(Recorded data)
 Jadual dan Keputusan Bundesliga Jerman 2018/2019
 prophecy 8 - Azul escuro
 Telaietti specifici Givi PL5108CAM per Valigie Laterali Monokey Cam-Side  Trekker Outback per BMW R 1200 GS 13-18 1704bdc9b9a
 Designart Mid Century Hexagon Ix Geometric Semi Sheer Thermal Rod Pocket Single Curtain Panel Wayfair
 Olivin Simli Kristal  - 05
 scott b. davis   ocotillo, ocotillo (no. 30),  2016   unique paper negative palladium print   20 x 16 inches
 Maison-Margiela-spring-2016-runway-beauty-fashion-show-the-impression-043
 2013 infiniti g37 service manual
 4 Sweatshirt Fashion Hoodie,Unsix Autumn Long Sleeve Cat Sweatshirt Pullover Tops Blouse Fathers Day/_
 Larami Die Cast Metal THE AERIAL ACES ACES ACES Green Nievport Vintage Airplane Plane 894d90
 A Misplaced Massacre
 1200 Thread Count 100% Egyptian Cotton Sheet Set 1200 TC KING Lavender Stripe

#### Assigned task:
Your task is to retype the records above exactly.

#### Output of the task:
 Jadual dan Keputusan Bundesliga Jerman 2018/2019
 prophecy 8 - Azul escuro
 Telaietti specifici Givi PL5108CAM per Valigie Laterali Monokey Cam-Side  Trekker Outback per BMW R 1200 GS 13-18 1704bdc9b9a
 Designart Mid Century Hexagon Ix Geometric Semi Sheer Thermal Rod Pocket Single Curtain Panel Wayfair
 Olivin Simli Kristal  - 05
 scott b. davis   ocotillo, ocotillo (no. 30),  2016   unique paper negative palladium print   20 x 16 inches
 Maison-Margiela-spring-2016-runway-beauty-fashion-show-the-impression-043
 2013 infiniti g37 service manual
 4 Sweatshirt Fashion Hoodie,Unsix Autumn Long Sleeve Cat Sweatshirt Pullover Tops Blouse Fathers Day/_
 Larami Die Cast Metal THE AERIAL ACES ACES ACES Green Nievport Vintage Airplane Plane 894d90
 A Misplaced Massacre
 1200 Thread Count 100% Egyptian Cotton Sheet Set 1200 TC KING Lavender Stripe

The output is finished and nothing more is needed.